Logo Questions Linux Laravel Mysql Ubuntu Git Menu
 

Matlab - Speeding up a Nested For Loop

Tags:

matlab

A simple question, but I'm not so great with MATLAB. I have vectors x, (n x 1) y, (m x 1) and w = [x;y]. I want to define M (n+m x 1) as M(i) = number of elements of x that are less than or equal to w(i) (w is sorted).

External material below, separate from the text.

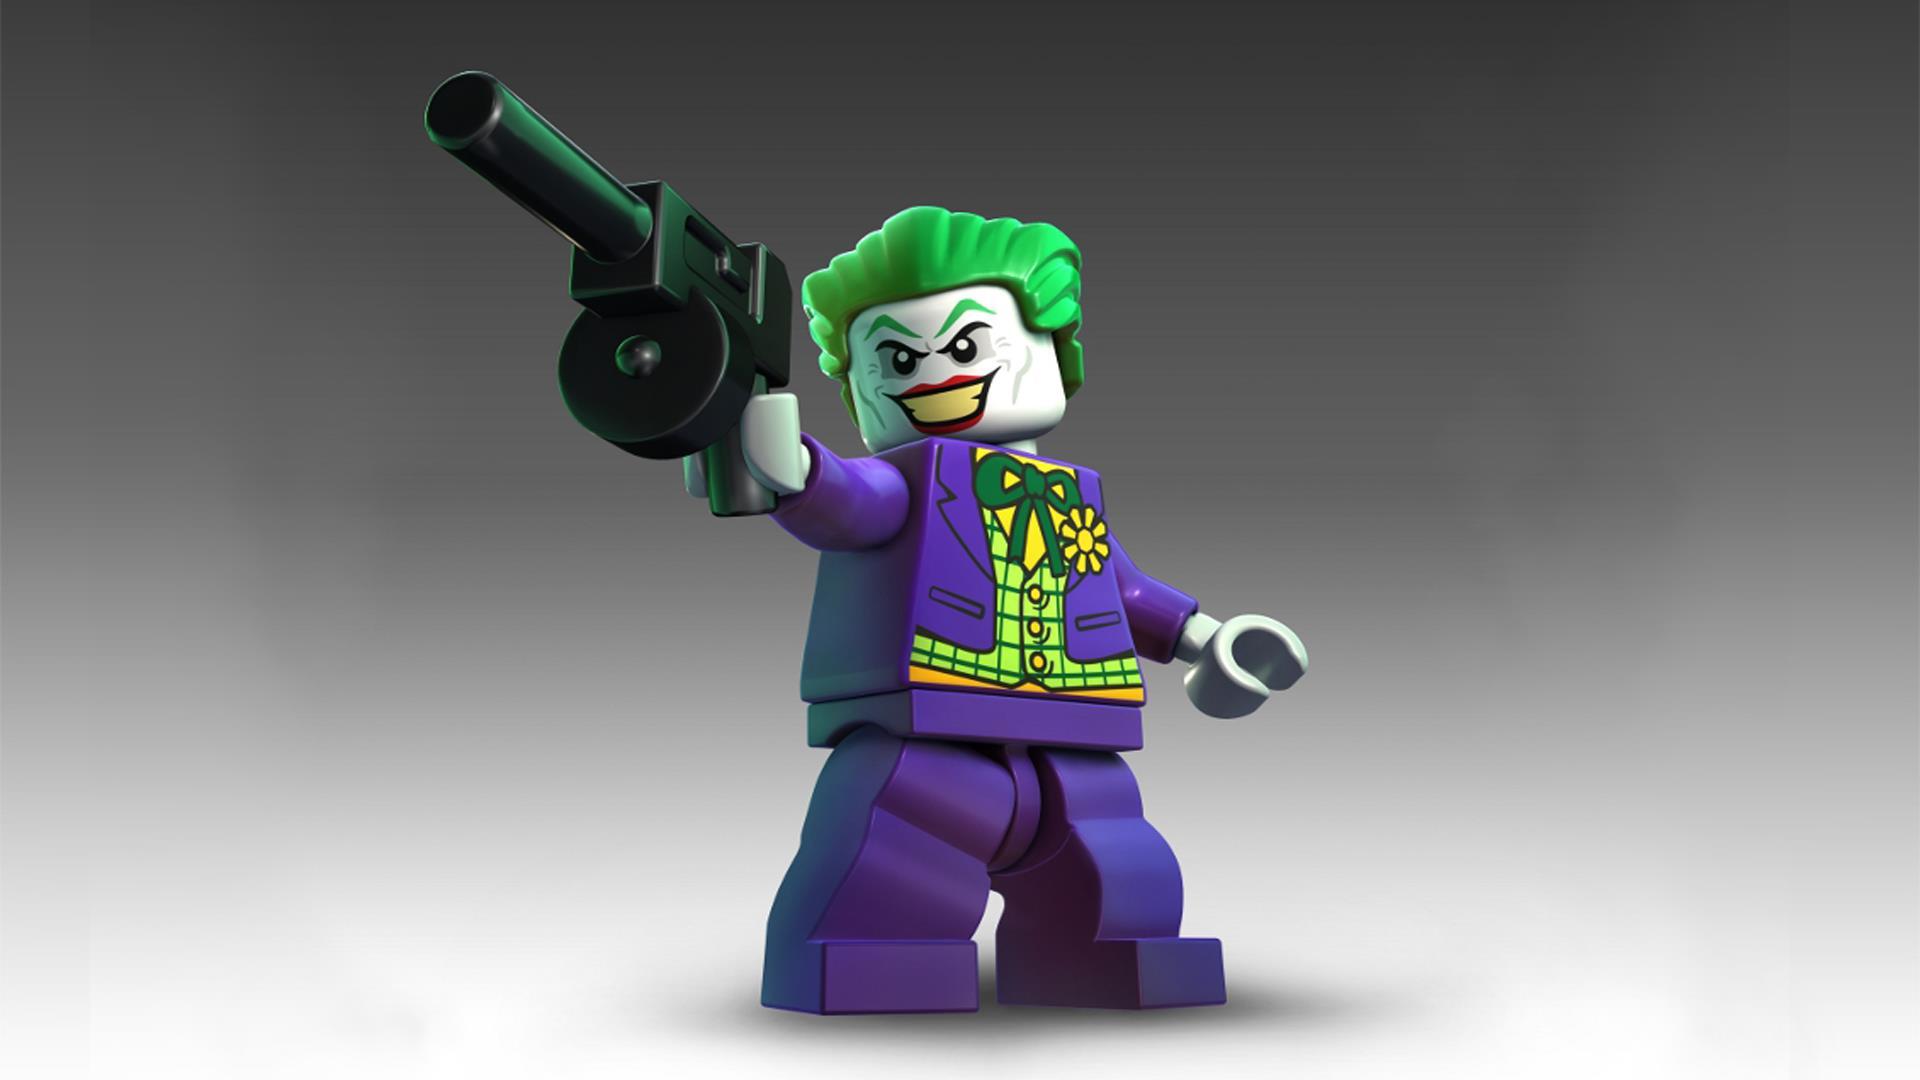 Batman Joker Lego HD Wallpaper Batman Joker Lego 1920x1080

This just isn't cutting it:

N = n + m;
M = zeros(N,1);
for i = 1:N
  for j = 1:n
    if x(j) <= w(i)
      M(i) = M(i) + 1;
    end
  end
end

It's not a particularly smart way to do it, and some of my data vectors m and n are around 100000.

Thanks!

like image 446
user327301 Avatar asked Jan 06 '10 22:01

user327301


2 Answers

This may look cryptic, but it should give you the same result as your nested loops:

M = histc(-x(:)',[-fliplr(w(:)') inf]);
M = cumsum(fliplr(M(1:N)))';

The above assumes w has been sorted in ascending order.

Explanation

Your sorted vector w can be thought of as bin edges to use in creating a histogram with the HISTC function. Once you count the number of values that fall in each bin (i.e. between the edges), a cumulative sum over those bins using the CUMSUM function will give you your vector M. The reason the above code looks so messy (with negations and the function FLIPLR in it) is because you want to find values in x less than or equal to each value in w, but the function HISTC bins data in the following way:

n(k) counts the value x(i) if edges(k) <= x(i) < edges(k+1).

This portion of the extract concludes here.